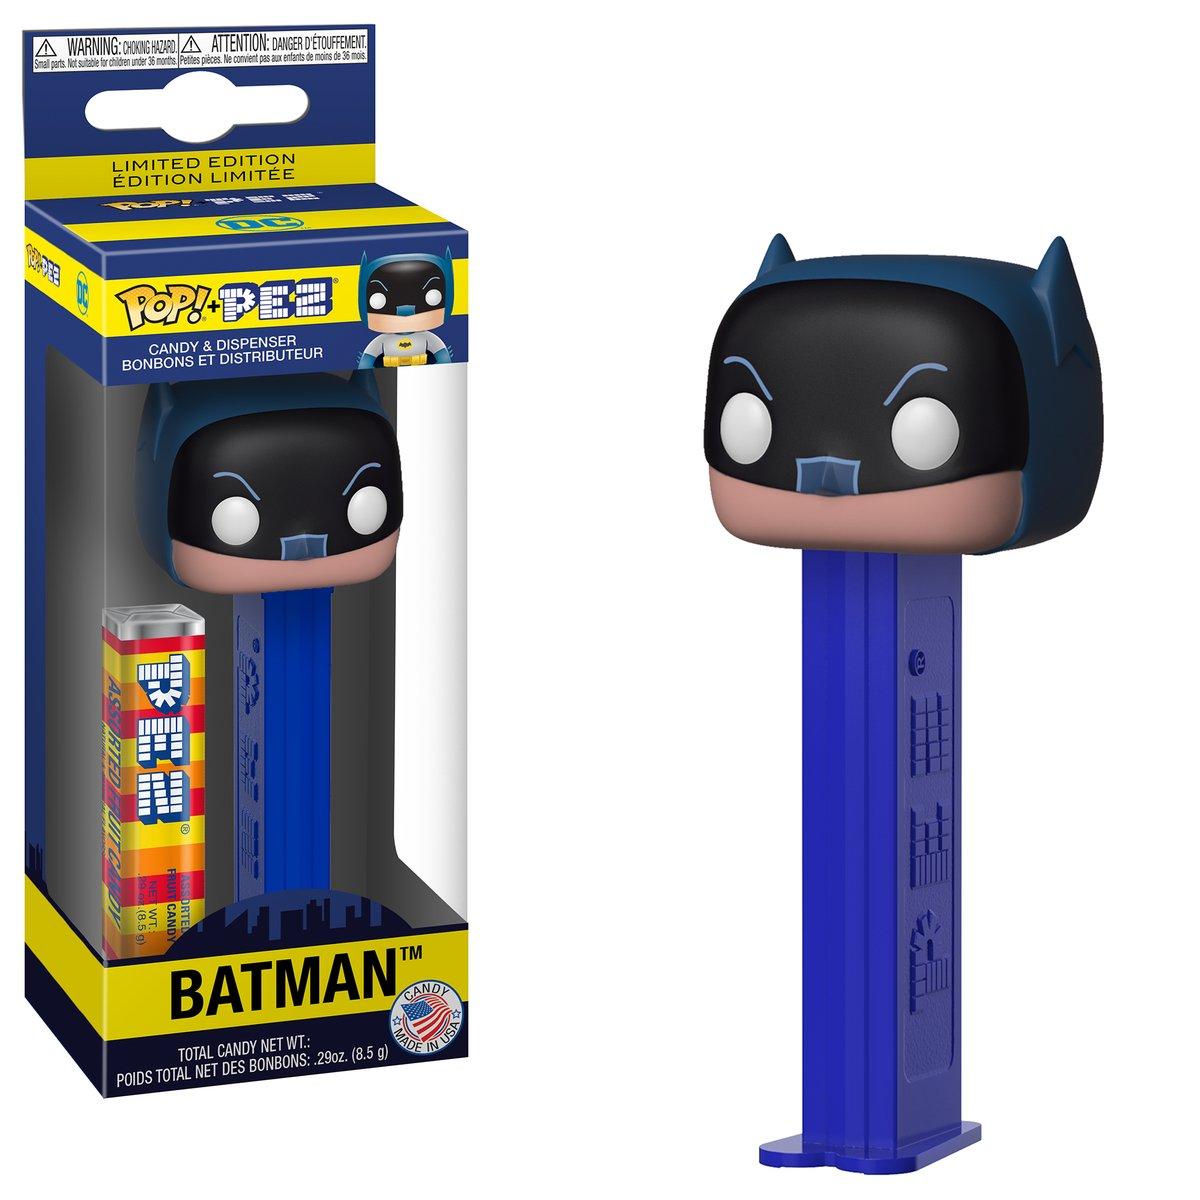 RT @OriginalFunko: RT & follow @OriginalFunko for the chance to win a Batman Pop! PEZ! https://t.co/NdHMHHCDMA
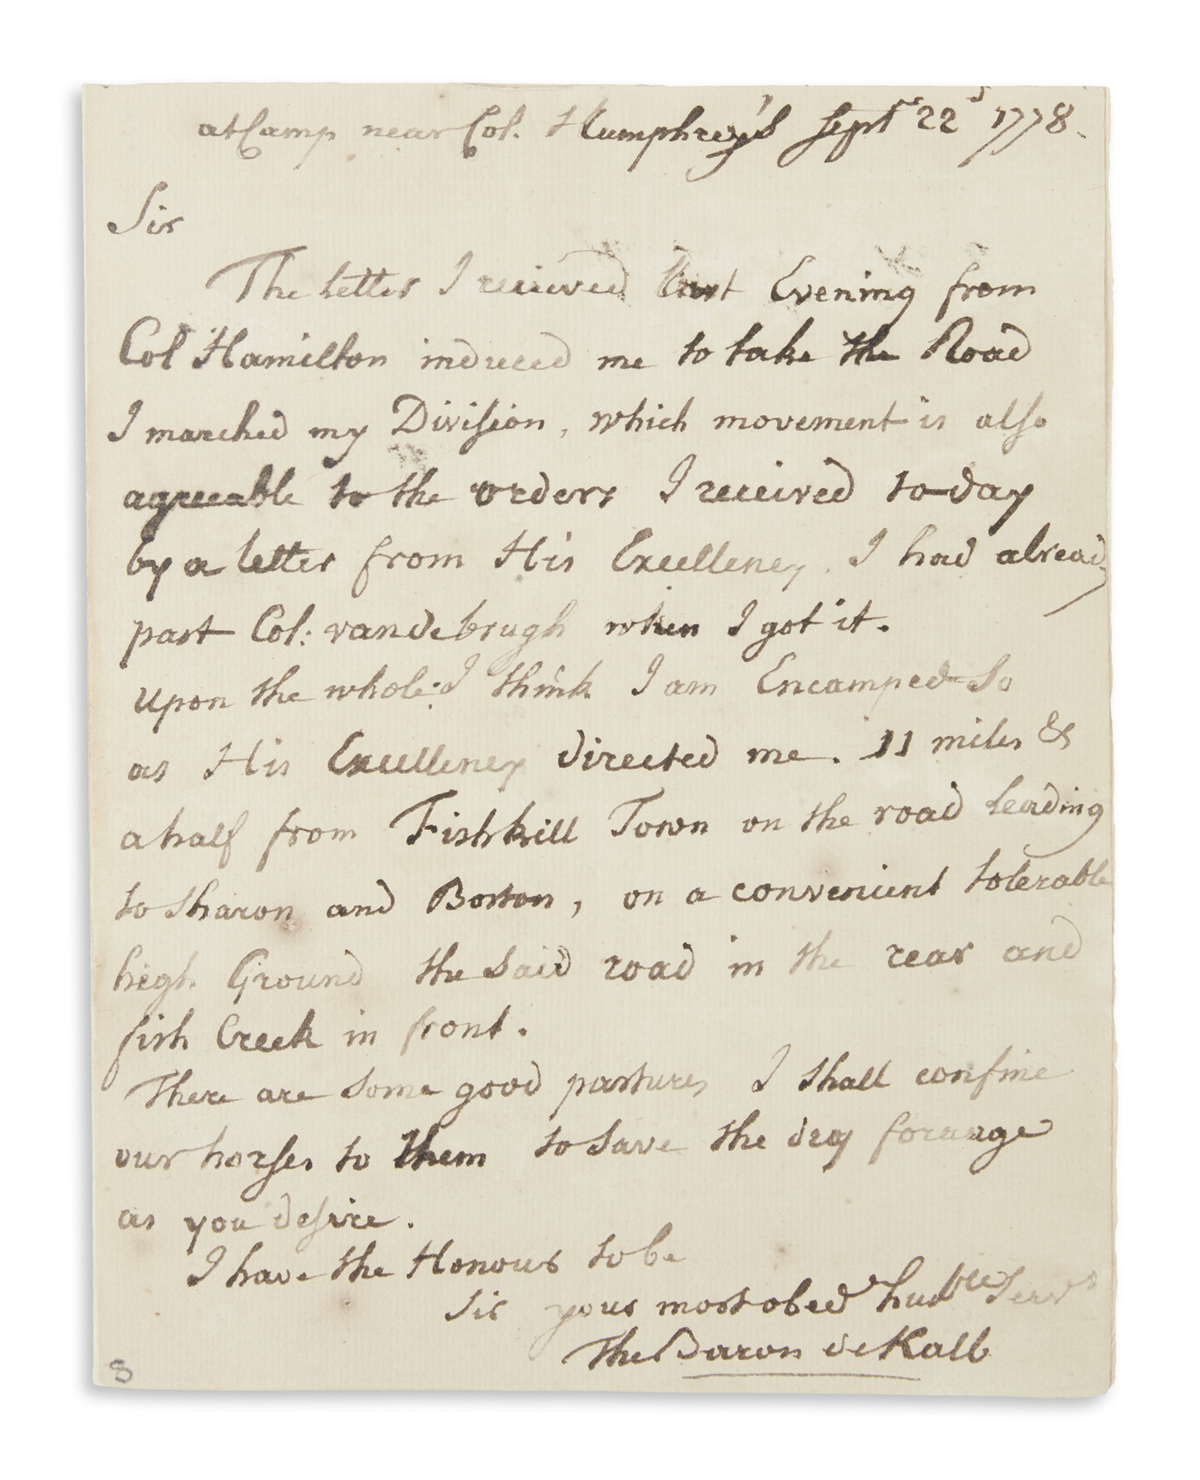 KALB, JOHANN. Autograph Letter Signed, The Baron deKalb, to Colonel Charles Pettit,
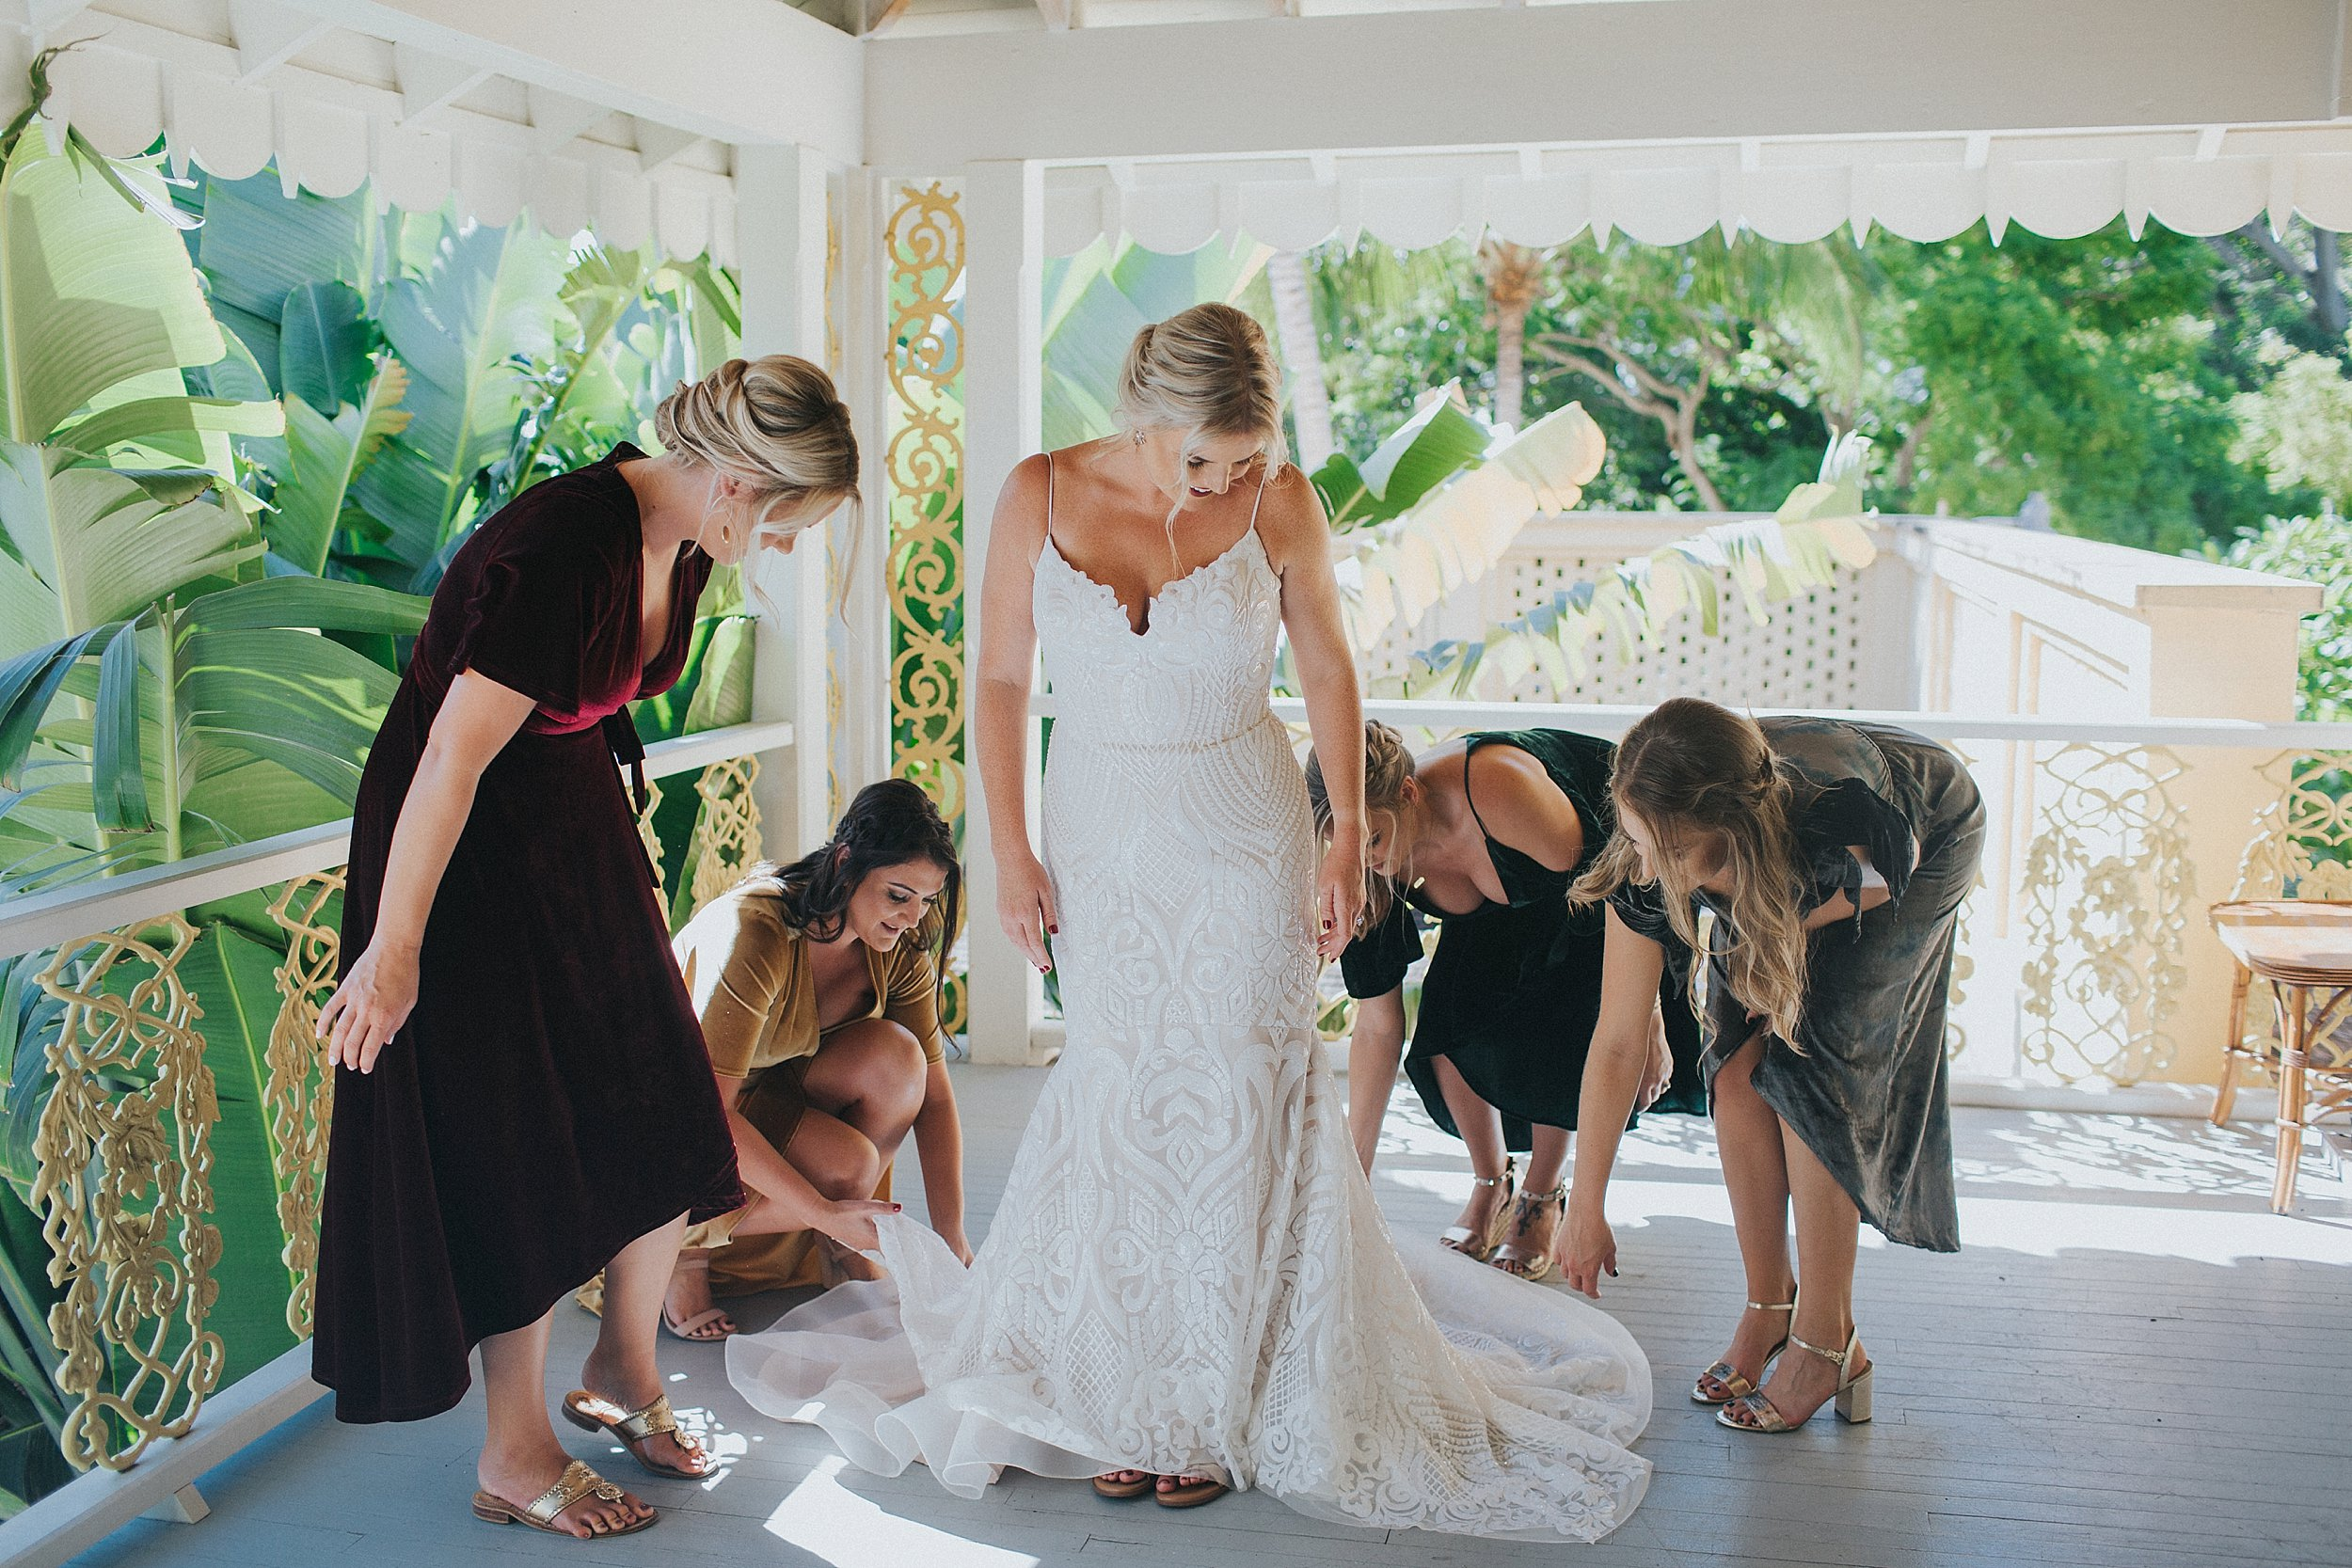 jewel tone bridesmaids dresses
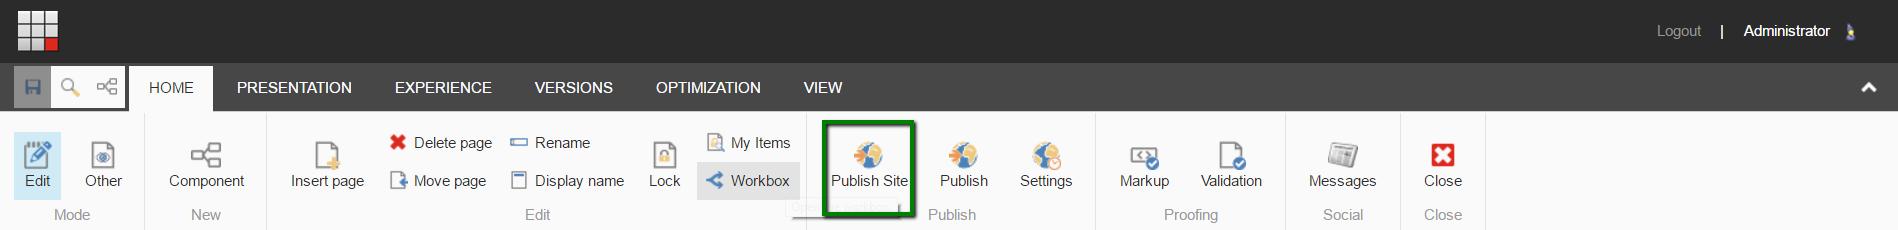 sitecore experience editor documentation
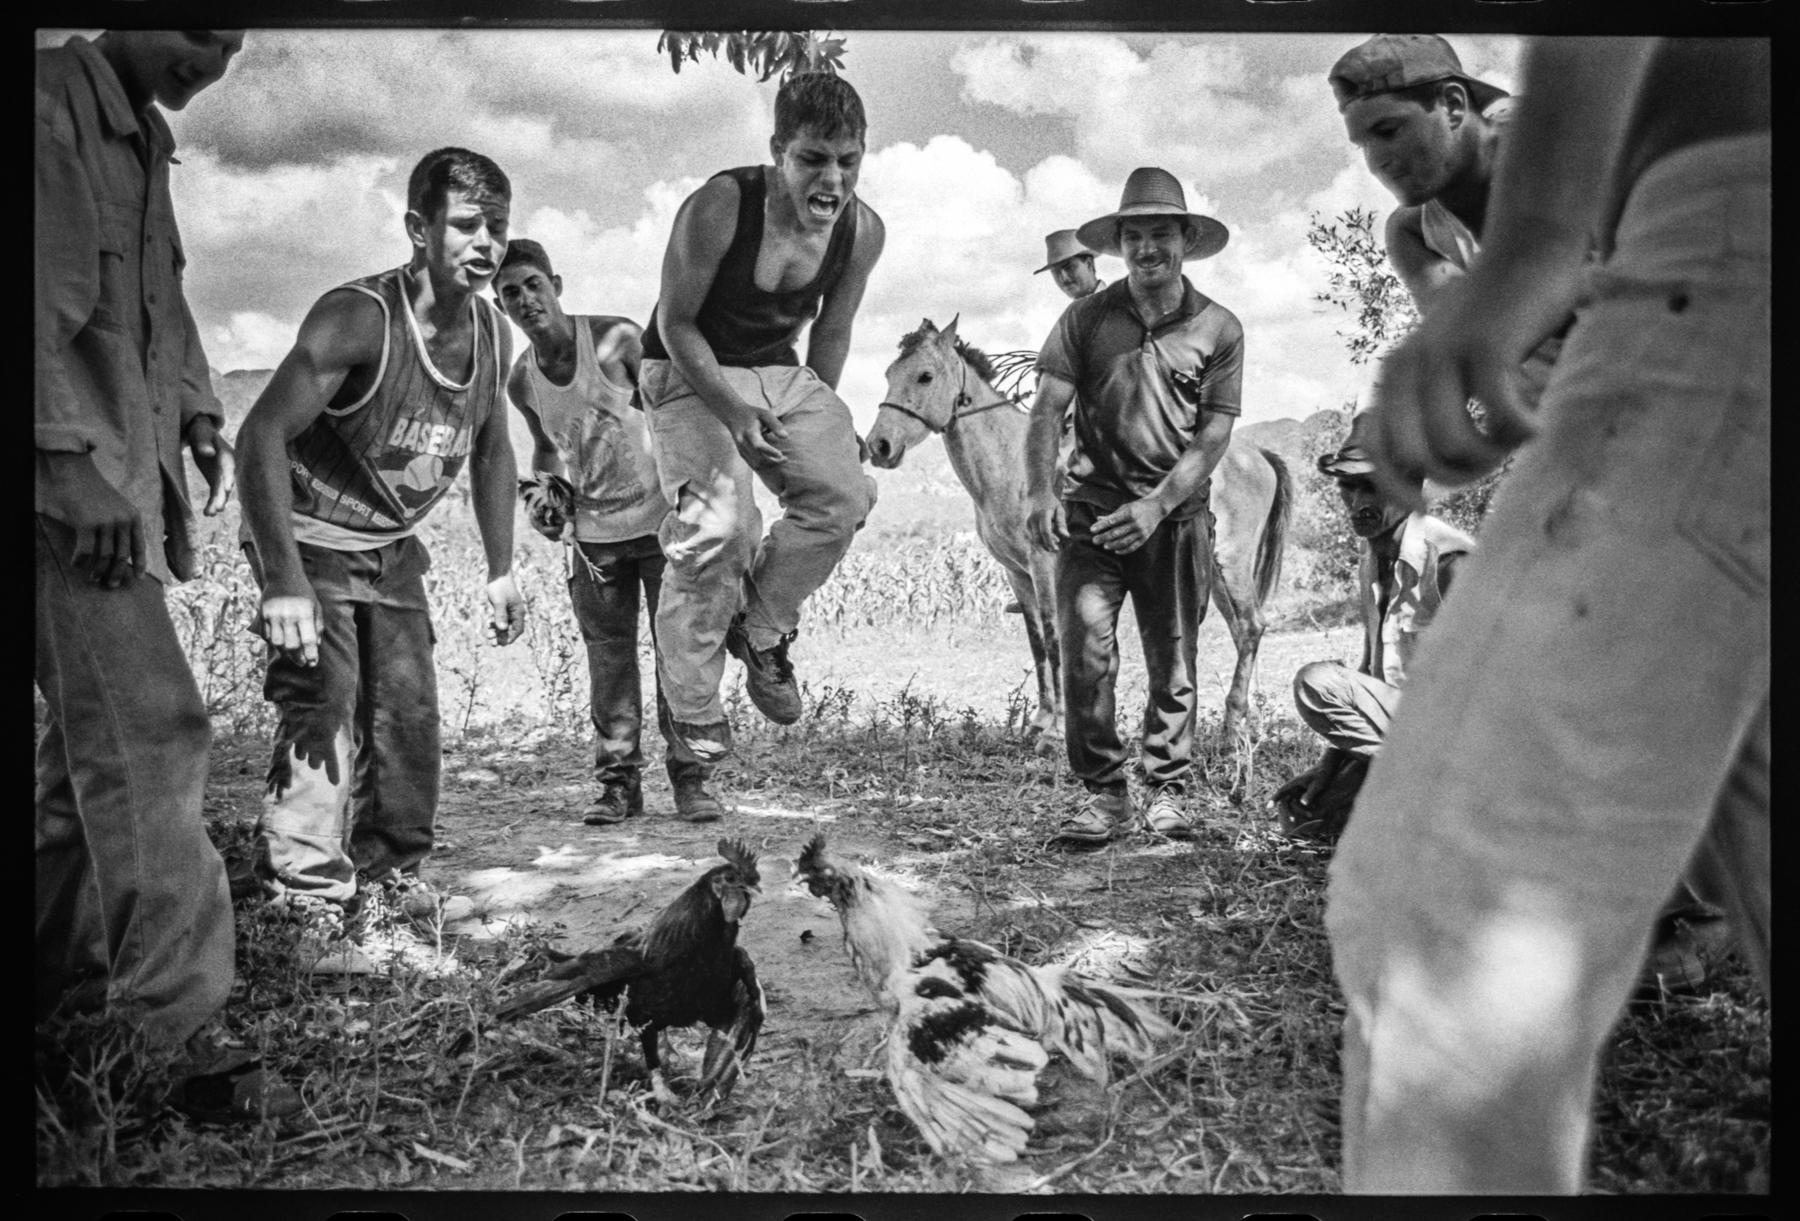 Cockfight Viñales, Cuba, 2003

◆ INSTRUCTIONS FOR THE TASK: A faithful copy of every entry is needed, omitting each image.

◆ ANSWER SPACE:
 RT @OriginalFunko: RT & follow @OriginalFunko for the chance to win a Batman Pop! PEZ! https://t.co/NdHMHHCDMA
 KALB, JOHANN. Autograph Letter Signed, The Baron deKalb, to Colonel Charles Pettit,
 jewel tone bridesmaids dresses
 sitecore experience editor documentation
 Cockfight Viñales, Cuba, 2003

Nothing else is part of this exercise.